(INPUT RECORDS begins)
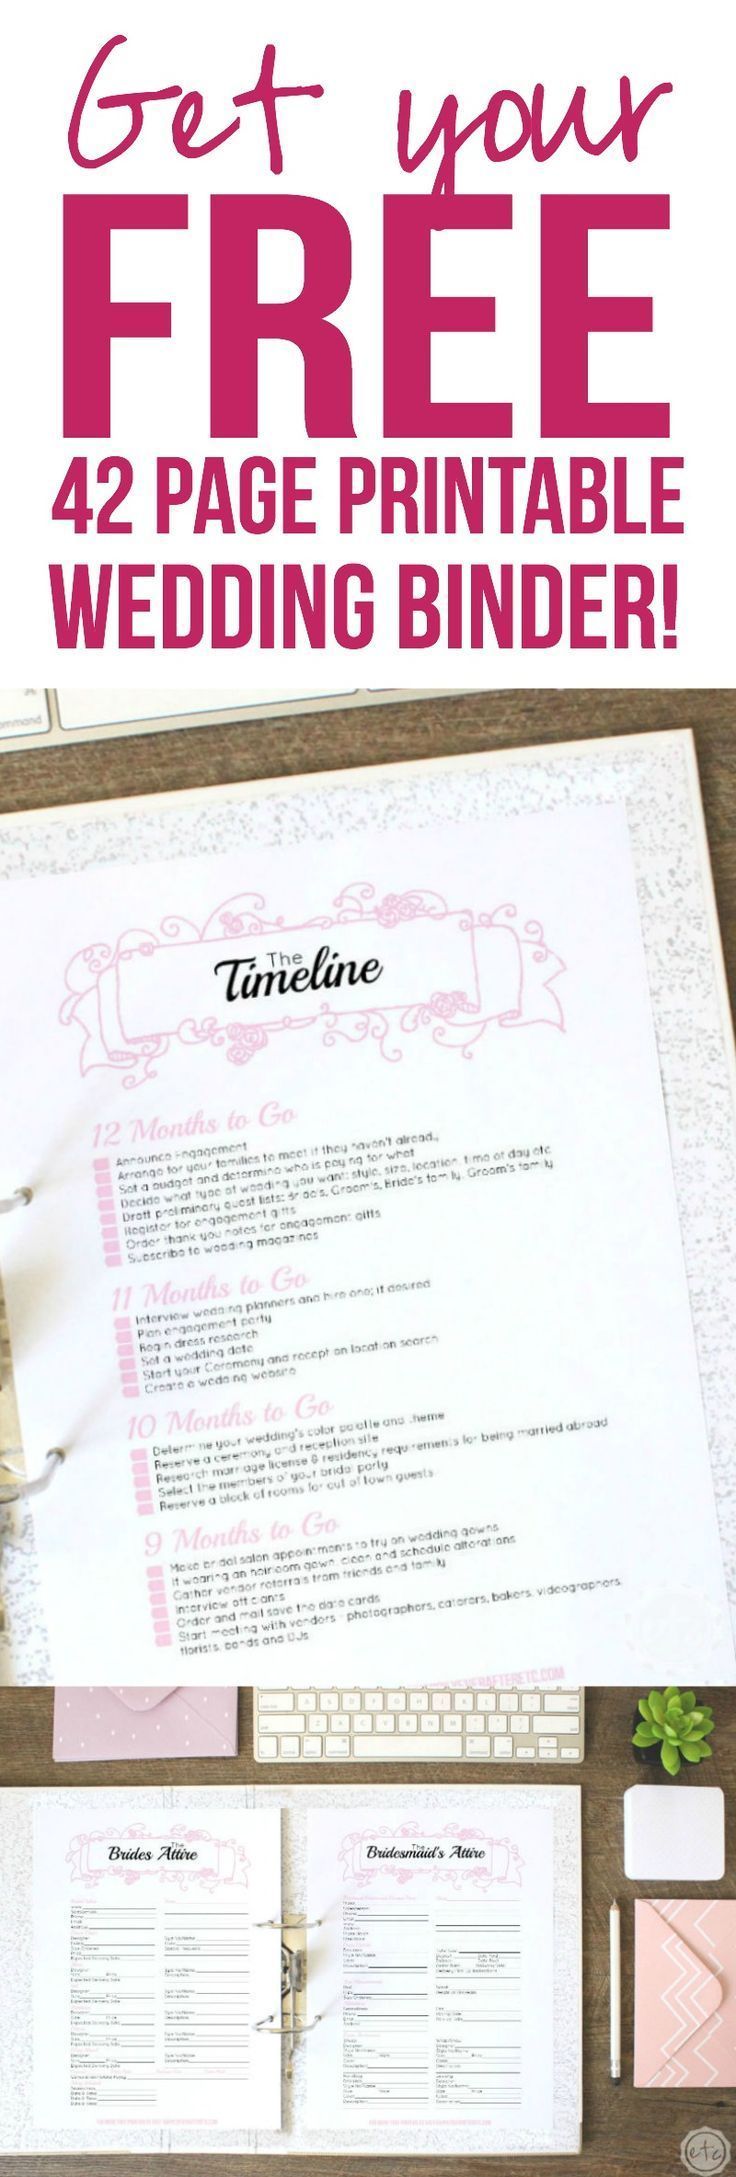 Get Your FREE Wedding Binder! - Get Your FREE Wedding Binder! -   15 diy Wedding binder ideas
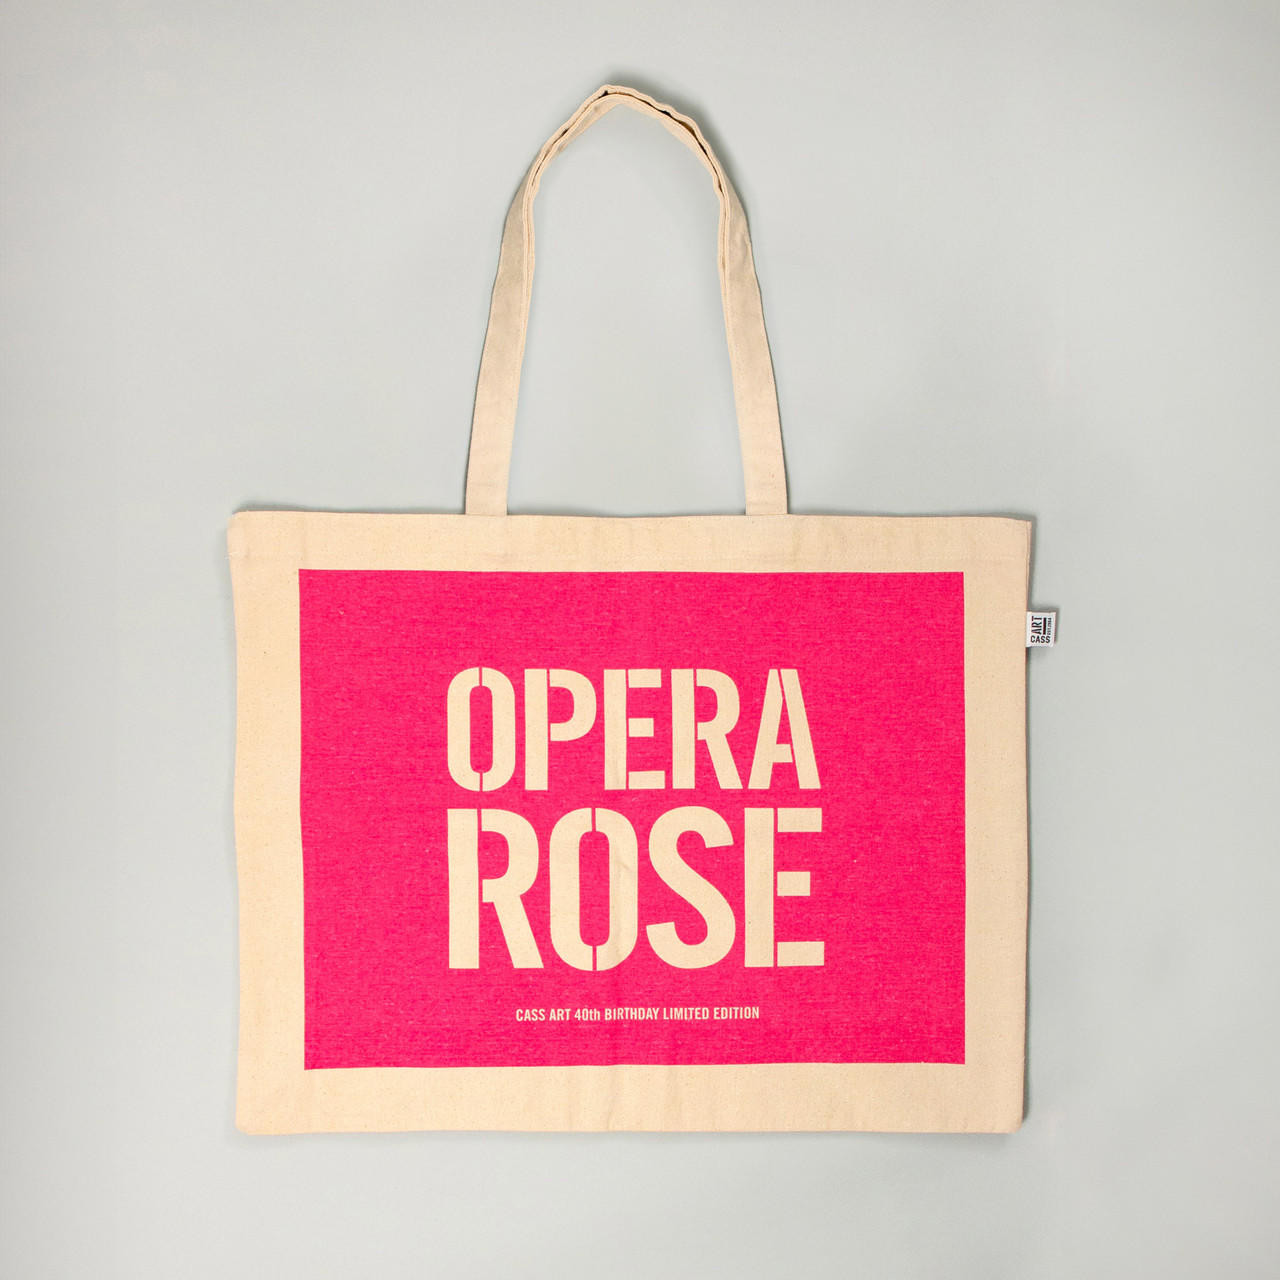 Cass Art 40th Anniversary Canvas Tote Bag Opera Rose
(INPUT RECORDS ends)
(INPUT RECORDS begins)
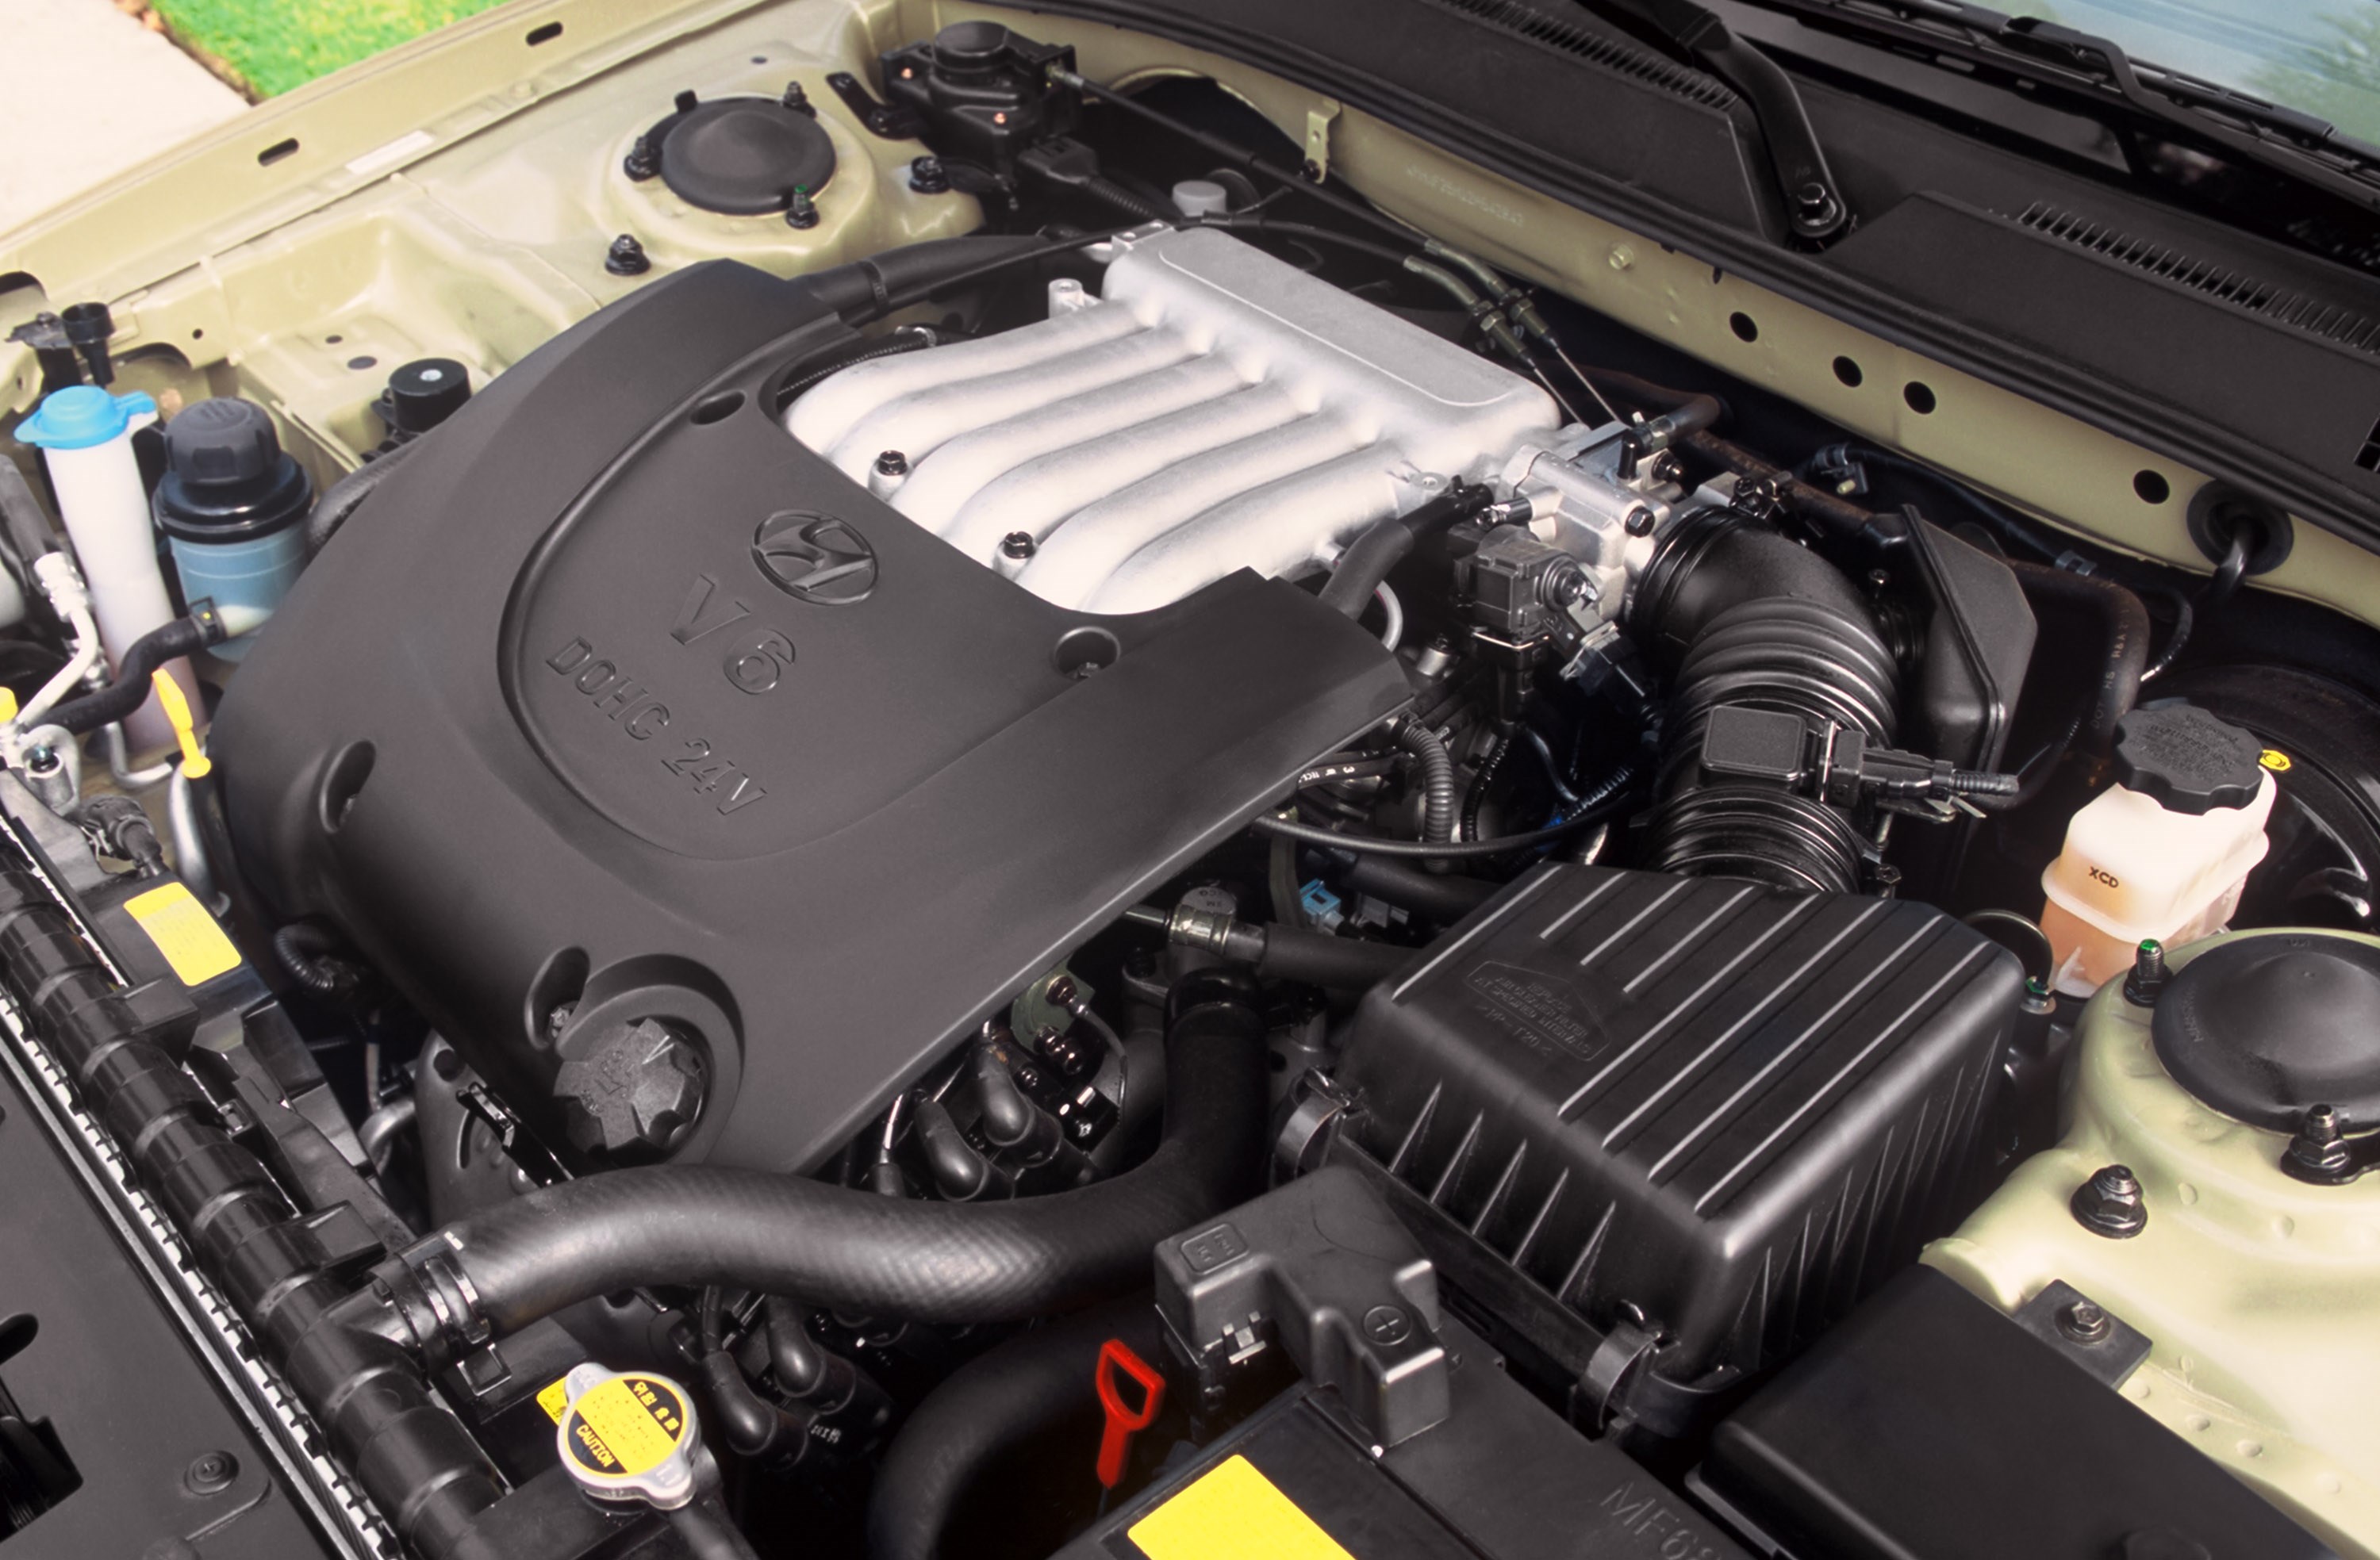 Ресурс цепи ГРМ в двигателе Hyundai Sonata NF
(INPUT RECORDS ends)
ASSIGNED TASK ▸ Between and including the line with "Get Your FREE Wedding Binder! - Get" and the line with "Cass Art 40th", repeat every line exactly as it appears above, with pictures left out.

RESULT ▸
 Get Your FREE Wedding Binder! - Get Your FREE Wedding Binder! -   15 diy Wedding binder ideas
 Cass Art 40th Anniversary Canvas Tote Bag Opera Rose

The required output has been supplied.